Task statement: Within the listing below, give again exactly the lines between the one containing "DS 200 781-2502-1-2-3-N01-F00-1-000" and the one containing "Inspiration zeigt Zeichen", inclusive, pictures left aside.

Given records:
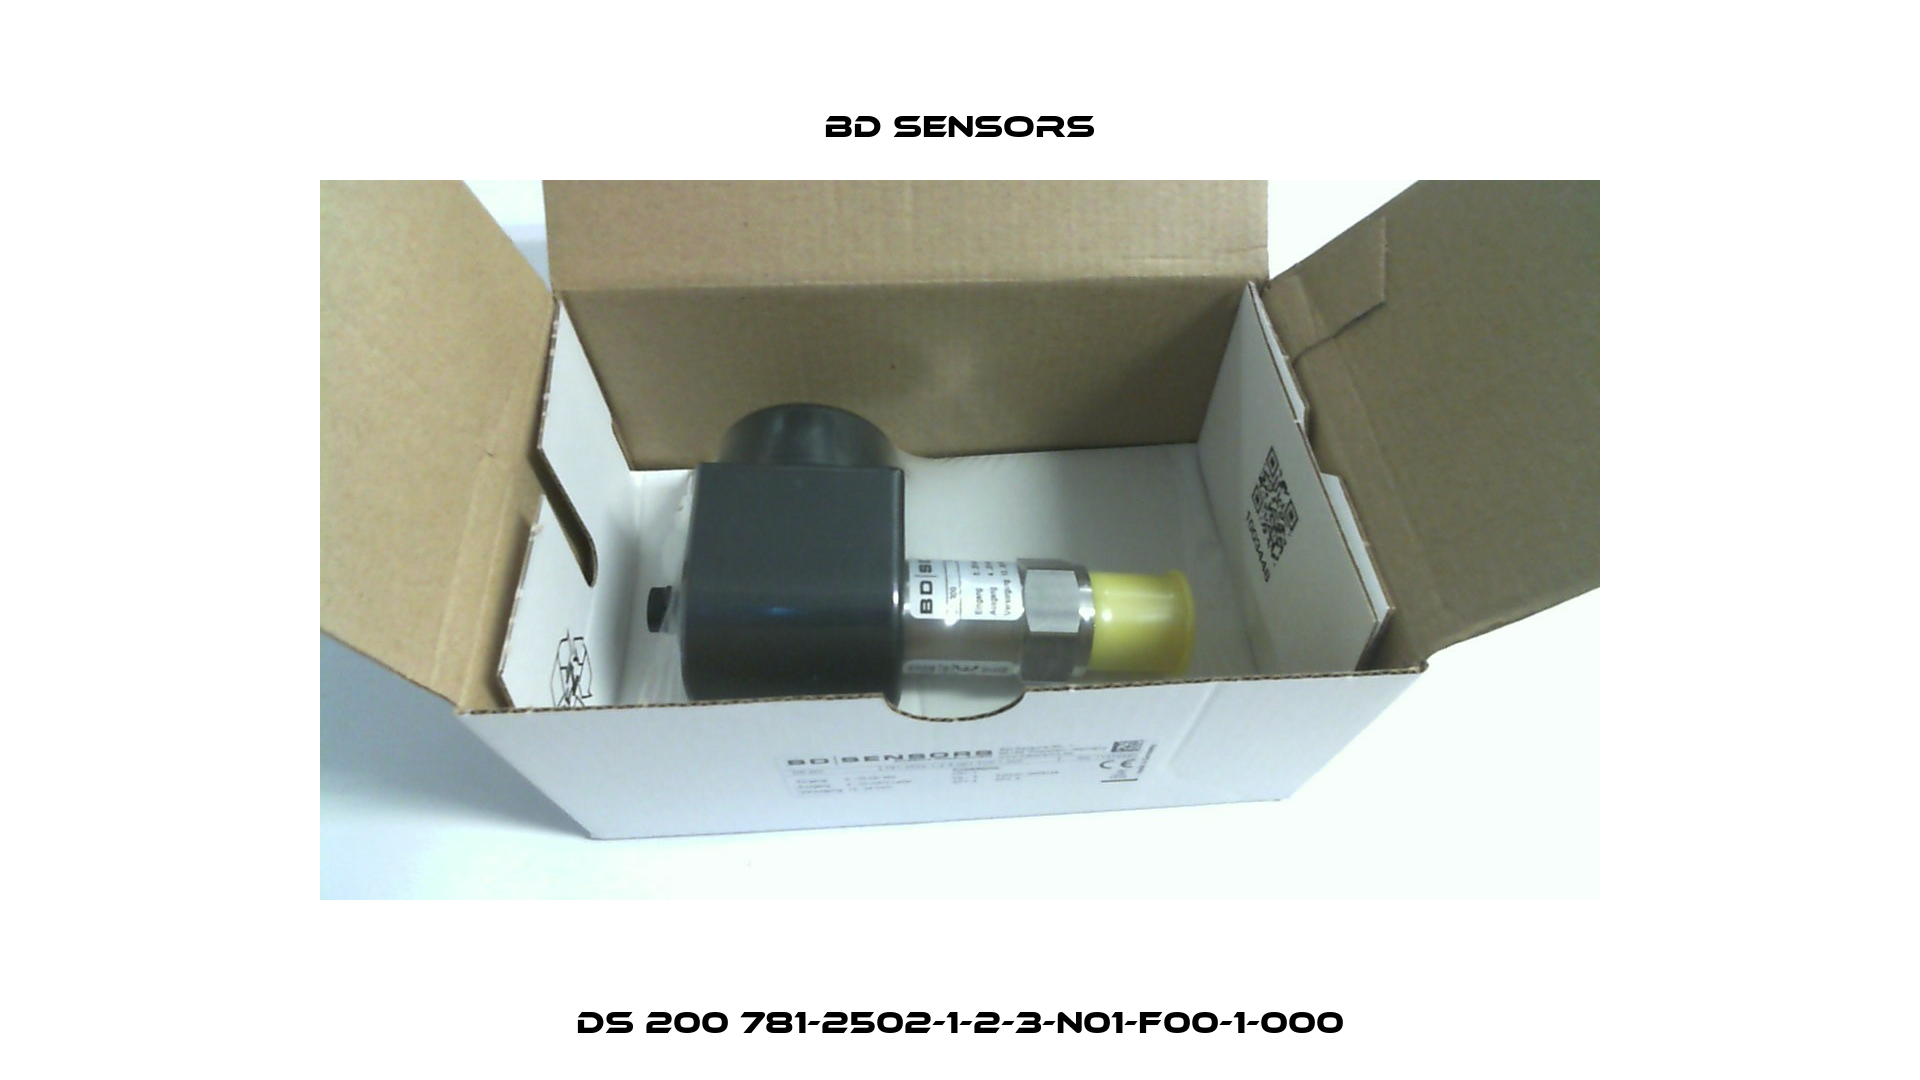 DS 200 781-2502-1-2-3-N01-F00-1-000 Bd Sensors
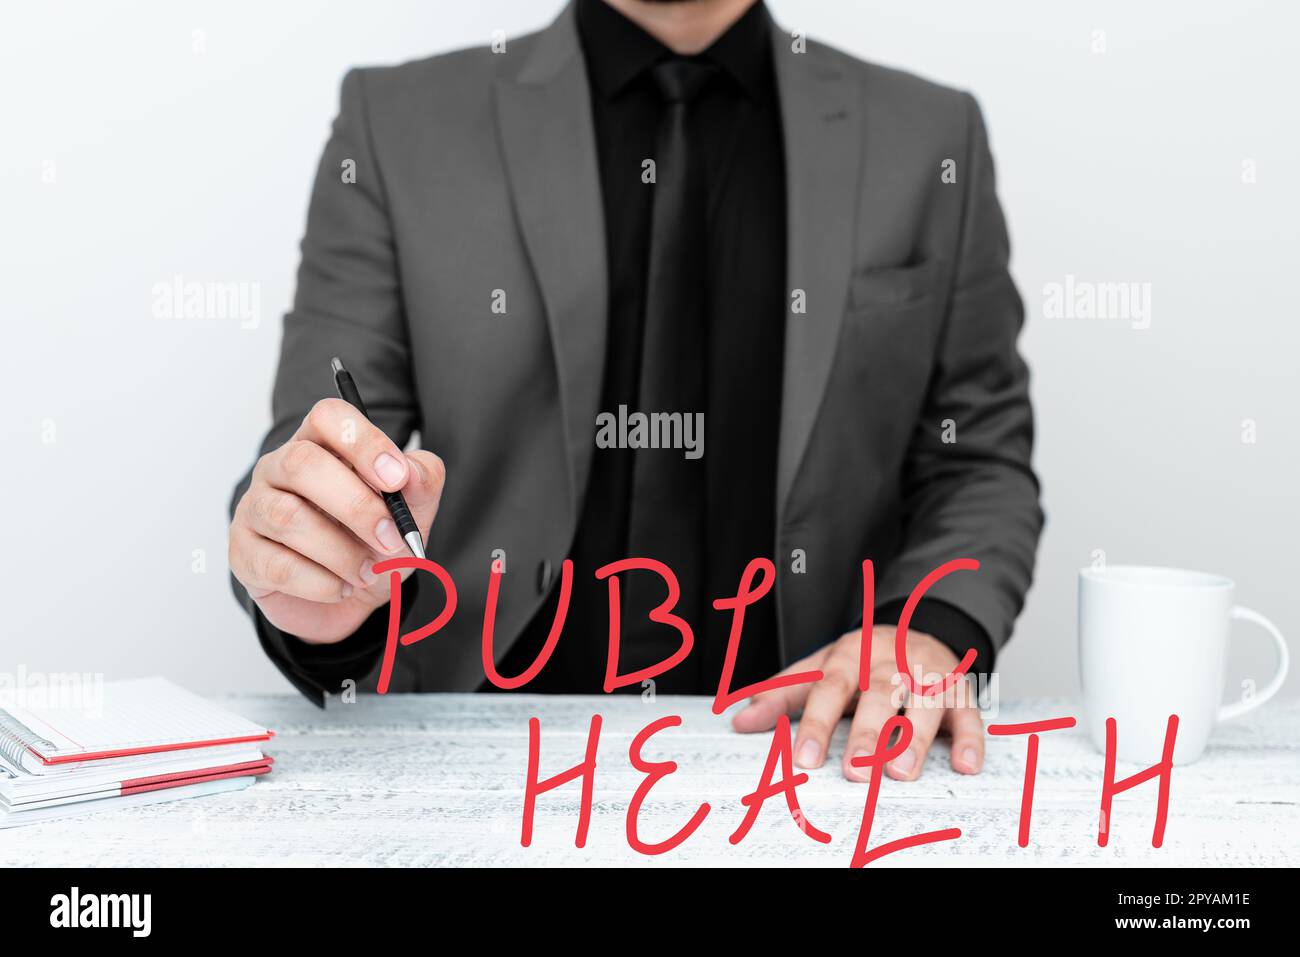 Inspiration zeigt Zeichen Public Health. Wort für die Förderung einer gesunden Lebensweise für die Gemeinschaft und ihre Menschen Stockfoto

==

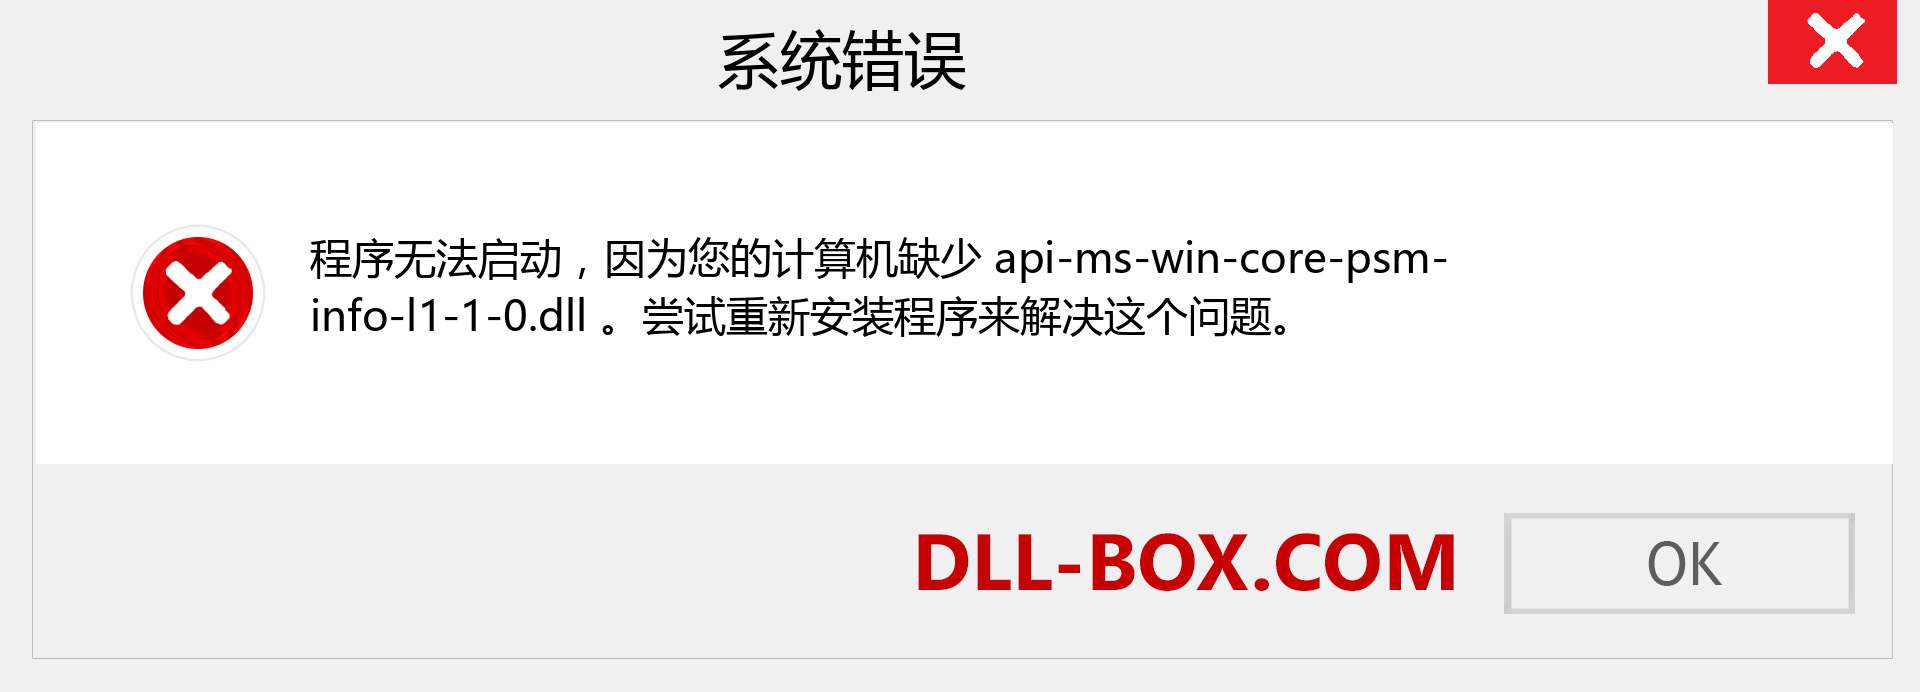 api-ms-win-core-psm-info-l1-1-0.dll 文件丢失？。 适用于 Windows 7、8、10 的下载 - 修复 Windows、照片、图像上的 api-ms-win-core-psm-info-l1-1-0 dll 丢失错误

Answer to this problem:
 DS 200 781-2502-1-2-3-N01-F00-1-000 Bd Sensors
 Inspiration zeigt Zeichen Public Health. Wort für die Förderung einer gesunden Lebensweise für die Gemeinschaft und ihre Menschen Stockfoto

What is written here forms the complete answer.